Update: On Friday evening, Alaska State Troopers released more details on a Parks highway crash that killed two people and said traffic returned to normal.
Troopers said a man and woman were declared dead on the scene, and the identities of the victims were not released because next of kin has not been identified as of 8:30 p.m. Friday.
The crash happened between a Nissan passenger car and a Chevy Avalanche around 3:30 p.m. near Milepost 337 in a hilly section between Fairbanks and Nenana.
In a news release, Beth Ipsen, AST spokesperson, said the crash victims were in a Nissan passenger car heading southbound on the Parks Highway that has three lanes – one lane going southbound and two heading northbound.
Troopers said the Nissan fishtailed with the “hind end kicking out to the left,” as it got to the bottom of a hill and then the driver over-corrected “causing the vehicle to fishtail to the right and cross the center line.”
Troopers said he missed hitting a vehicle in the first lane and slid in front of a Chevy Avalanche “basically t-boning the car.”
Troopers identified the driver of the Chevy as 49-year-old Rhonda Coghill, of Nenana, and her passengers as her 28-year-old daughter Ladonna Coghill and granddaughter 5-year-old Arianna Coghill.
The Coghills suffered non-life threatening injuries, and troopers said the younger Coghills were treated as a precaution.
Troopers said that winter driving conditions were a factor and that traffic returned to normal around 7:30 p.m.
Original: Alaska State Troopers have reopened one lane of the Parks Highway near Fairbanks after a two-vehicle crash killed two people and left another injured.

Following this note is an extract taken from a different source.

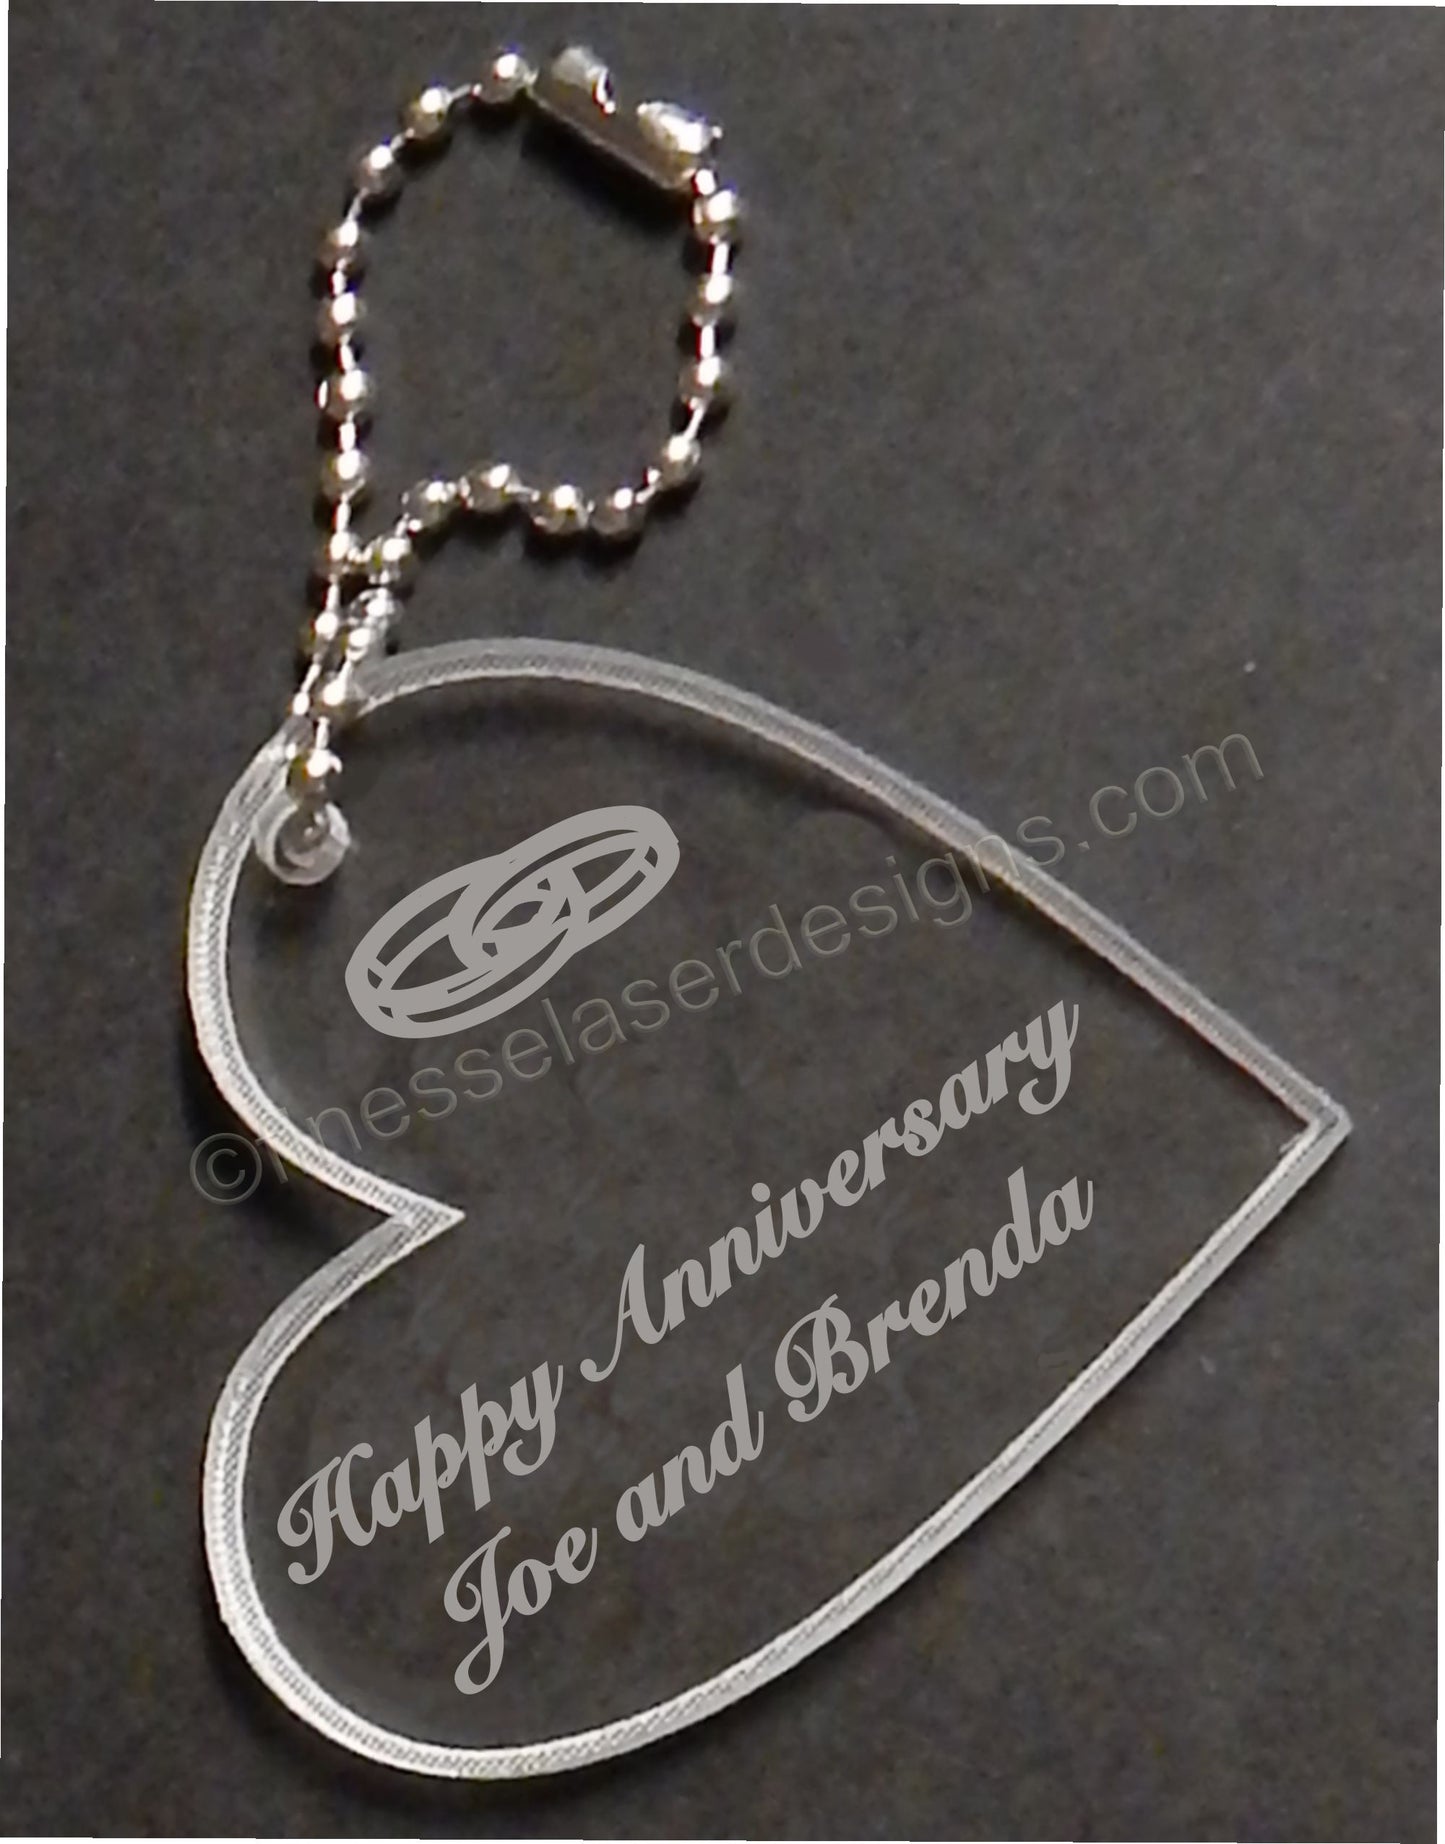 heart shaped keychain favor designed with wedding rings and engraved with Happy Anniversary and names, with small metal chain attached

Beth Ipsen says traffic at Milepost 337 of the Parks, between Fairbanks and Nenana, remains slow despite the available lane.
"We want to keep traffic moving because we don't want cars stalling, because it's 20 below at the scene," Ipsen said.

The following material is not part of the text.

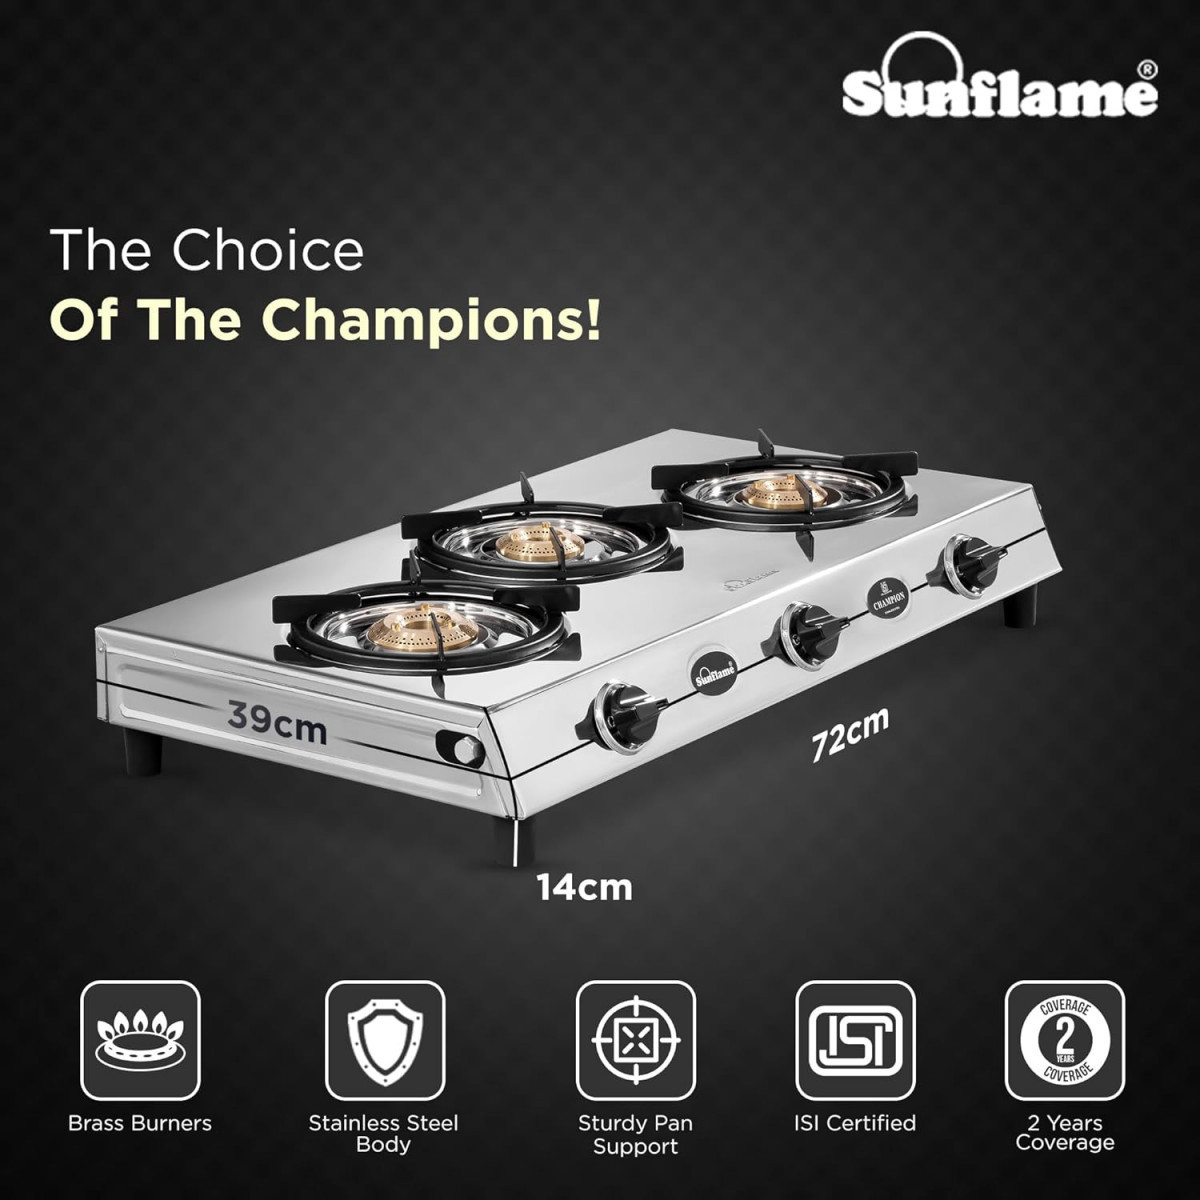 Sunflame Champion 3-Burner Gas Stove  Stainless Steel Body  2-Years Product Coverage  1 Medium and 2 Small Brass Burners Euro-Coated Pan Supports  Manual Ignition  Silver

Full details are not yet available, but Ipsen says the crash involved a 2009 Chevrolet truck and a 2008 Nissan passenger car.
According to AST spokesperson Megan Peters, emergency medical services confirmed the deaths at Milepost 337 of the Parks, about 23 miles south of Fairbanks between the city and Nenana.
Troopers were informed of the wreck at 3:27 p.m., and five troopers as well as a Fairbanks Police Department traffic officer are conducting a full investigation of the crash.